WHAT NEEDS TO BE DONE: Reproduce the listing below exactly, minus its pictures.

INPUT DATA:
○ ○ ○ ○ ○

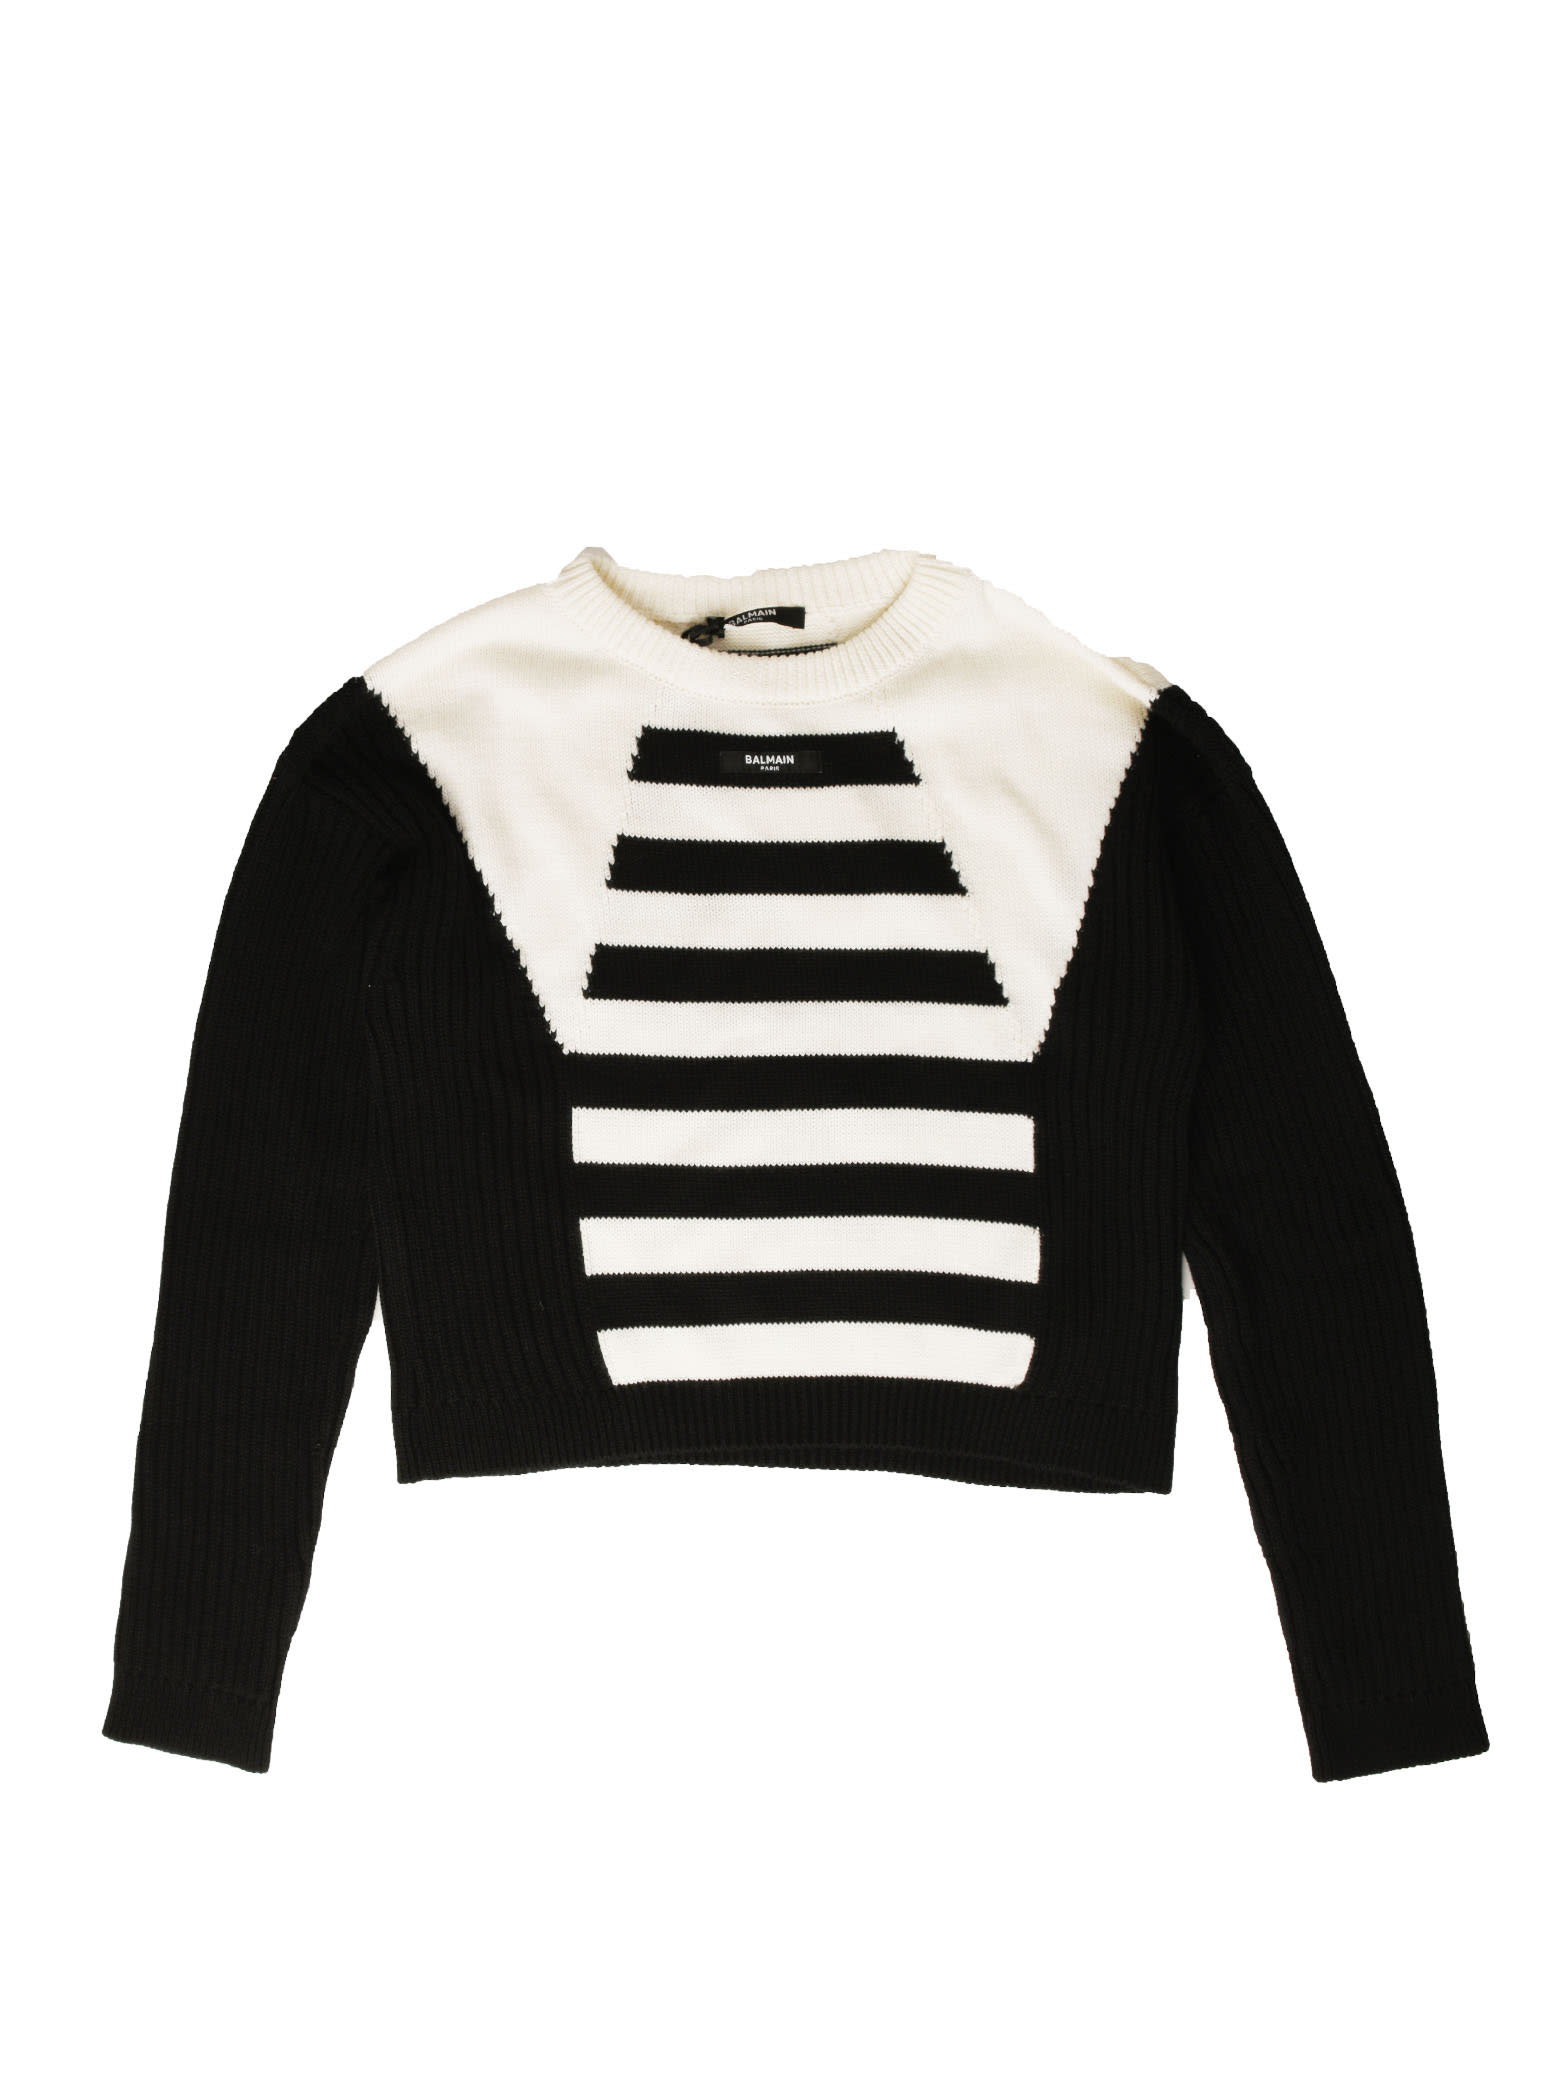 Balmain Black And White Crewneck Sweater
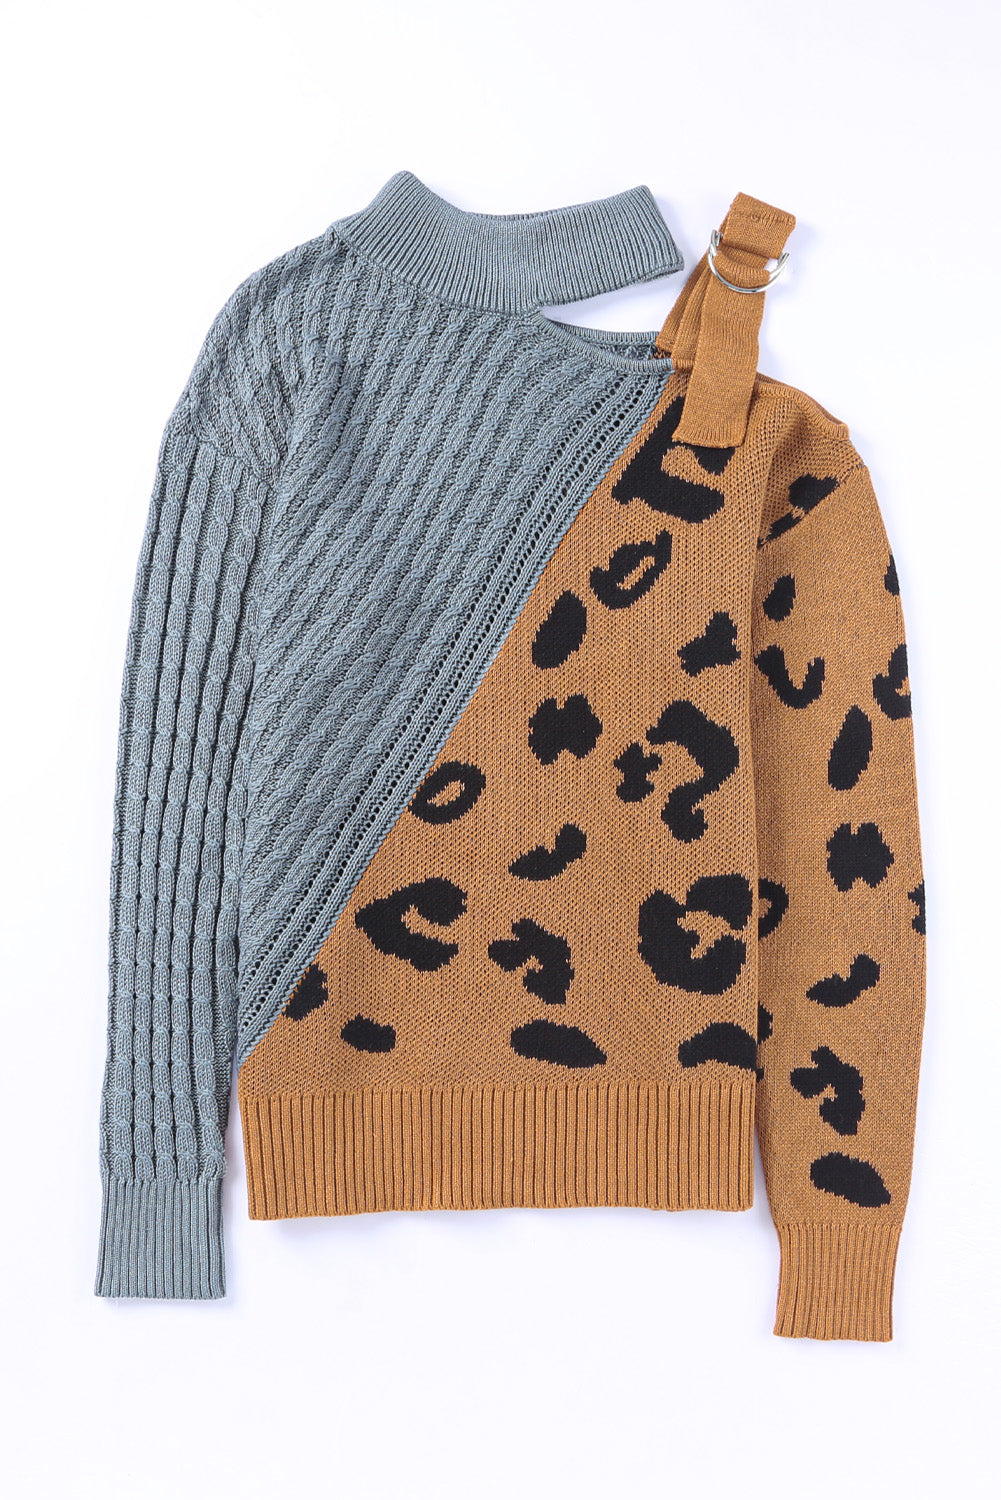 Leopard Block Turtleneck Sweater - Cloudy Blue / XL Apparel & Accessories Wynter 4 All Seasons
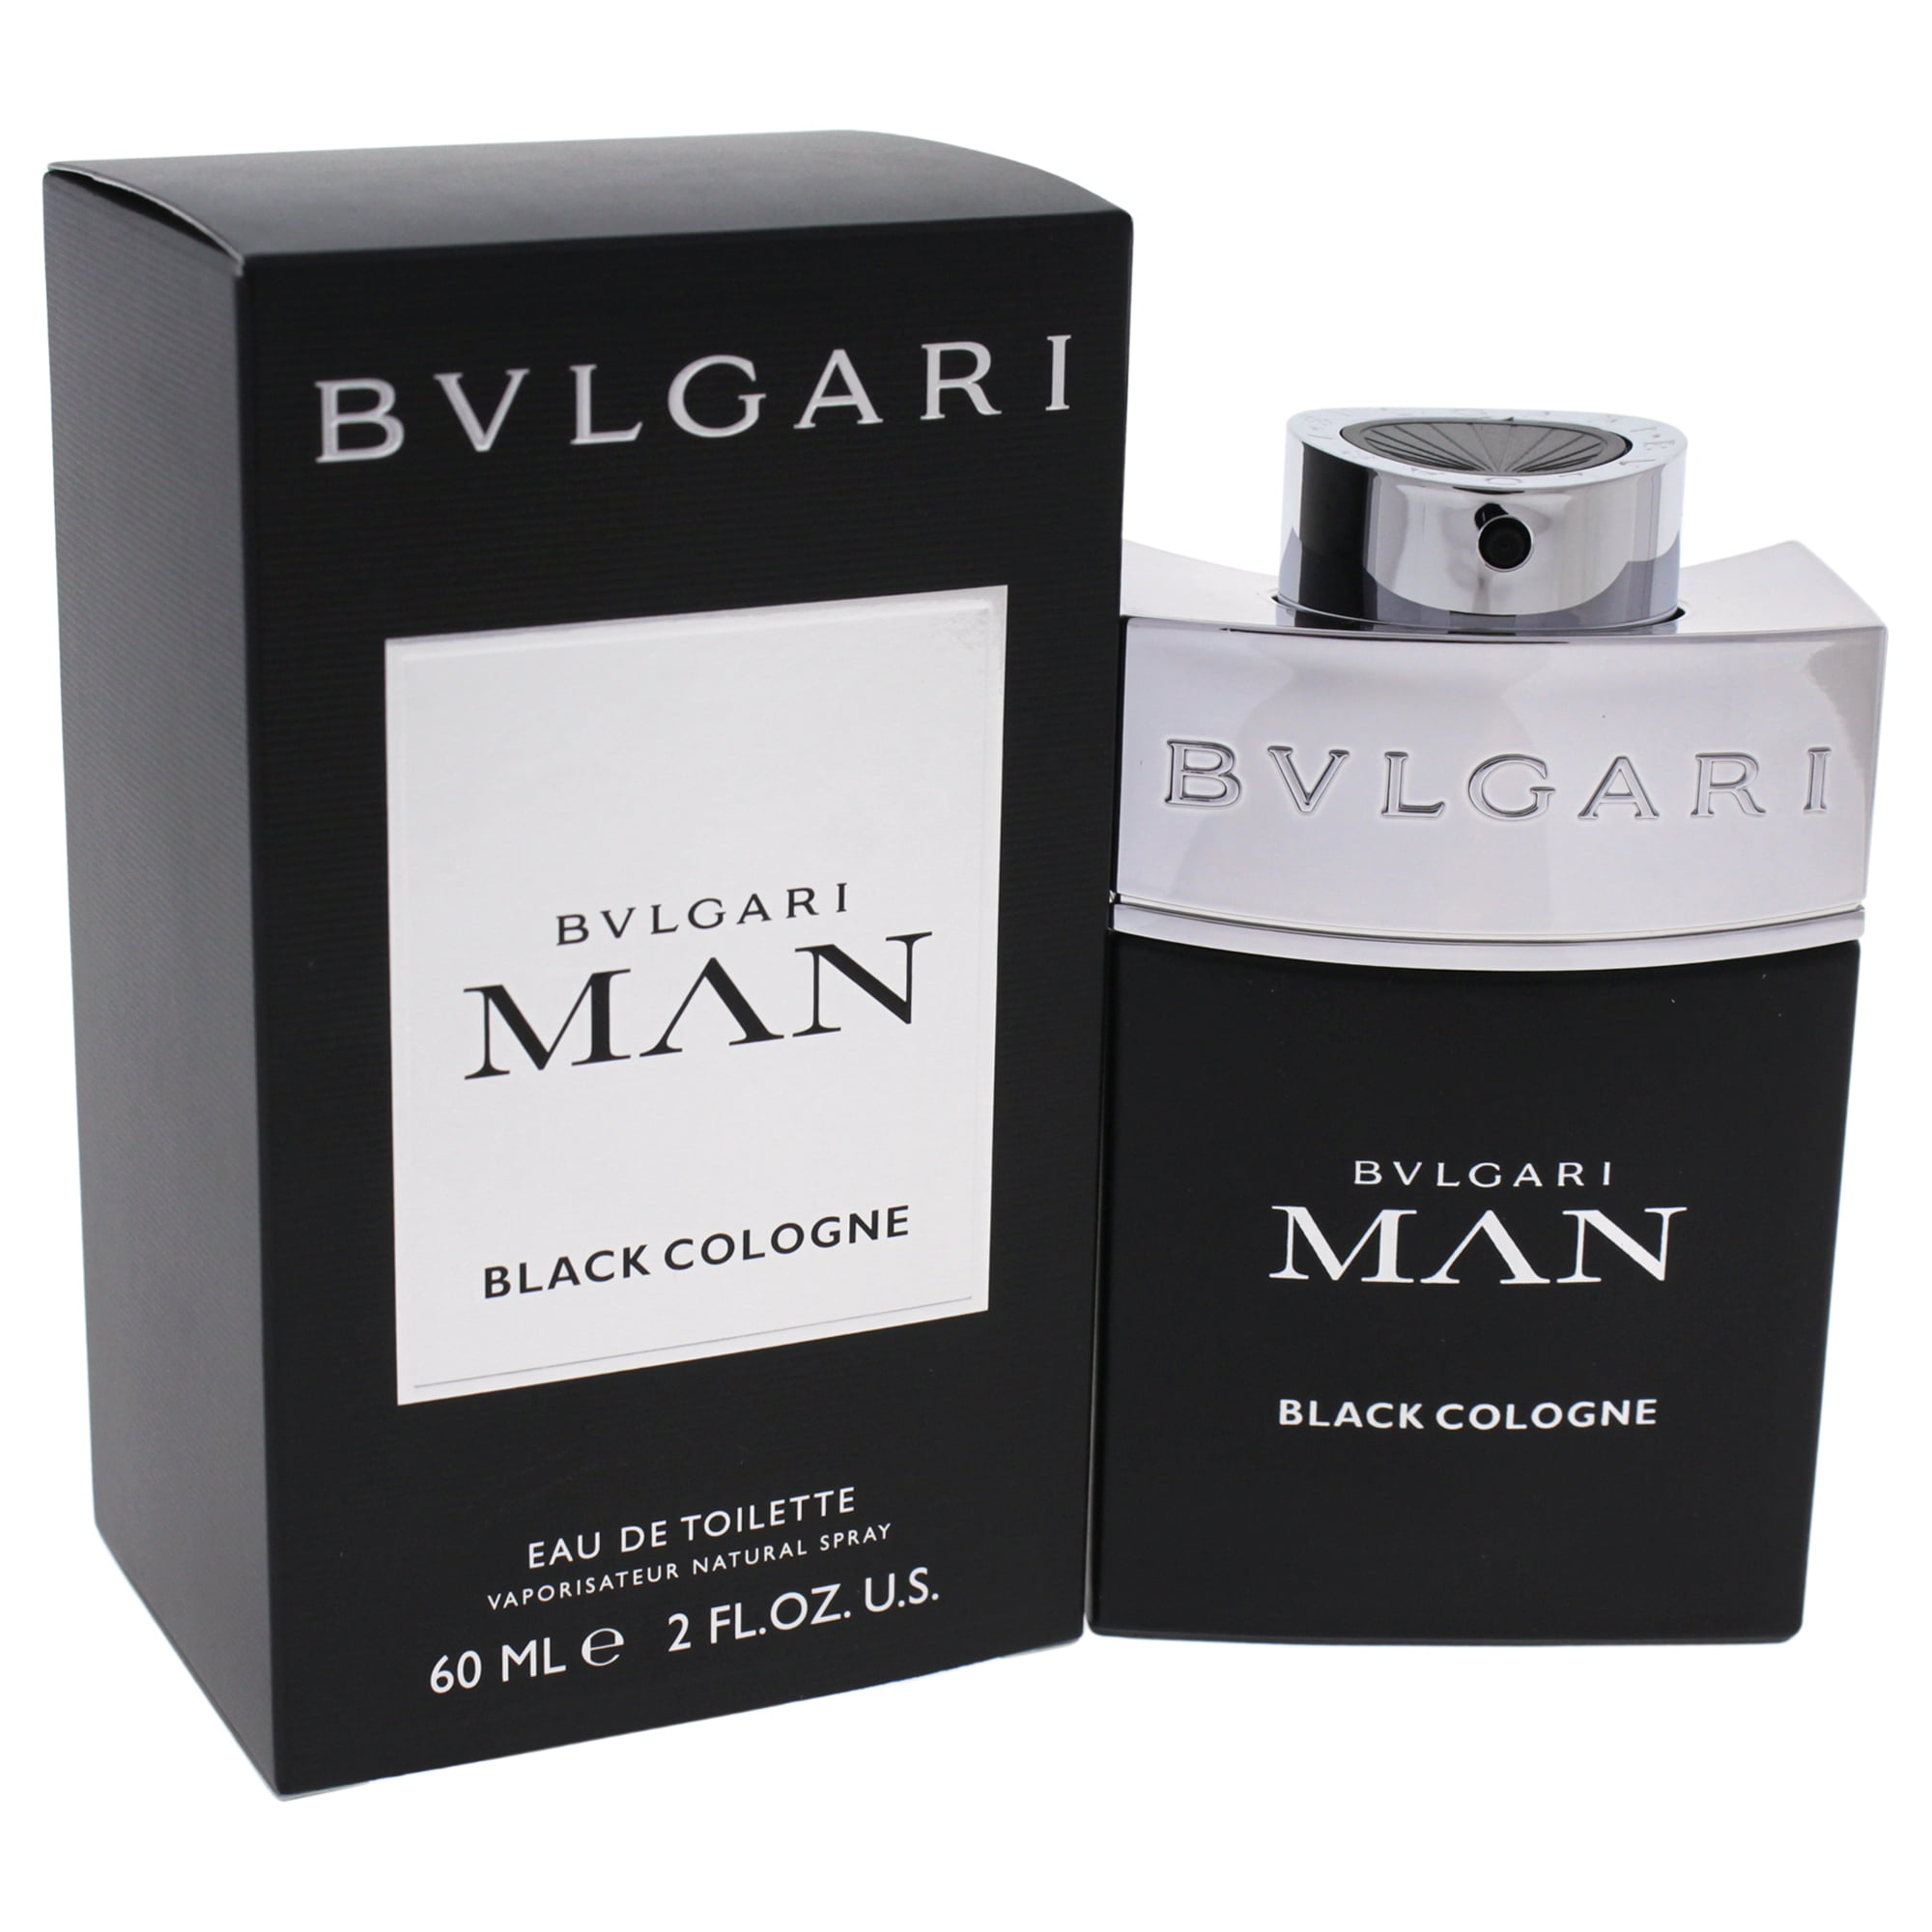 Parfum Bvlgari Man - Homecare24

○ ○ ○ ○ ○

RESULT OF THIS TASK:
 Balmain Black And White Crewneck Sweater
 Leopard Block Turtleneck Sweater - Cloudy Blue / XL Apparel & Accessories Wynter 4 All Seasons
 Parfum Bvlgari Man - Homecare24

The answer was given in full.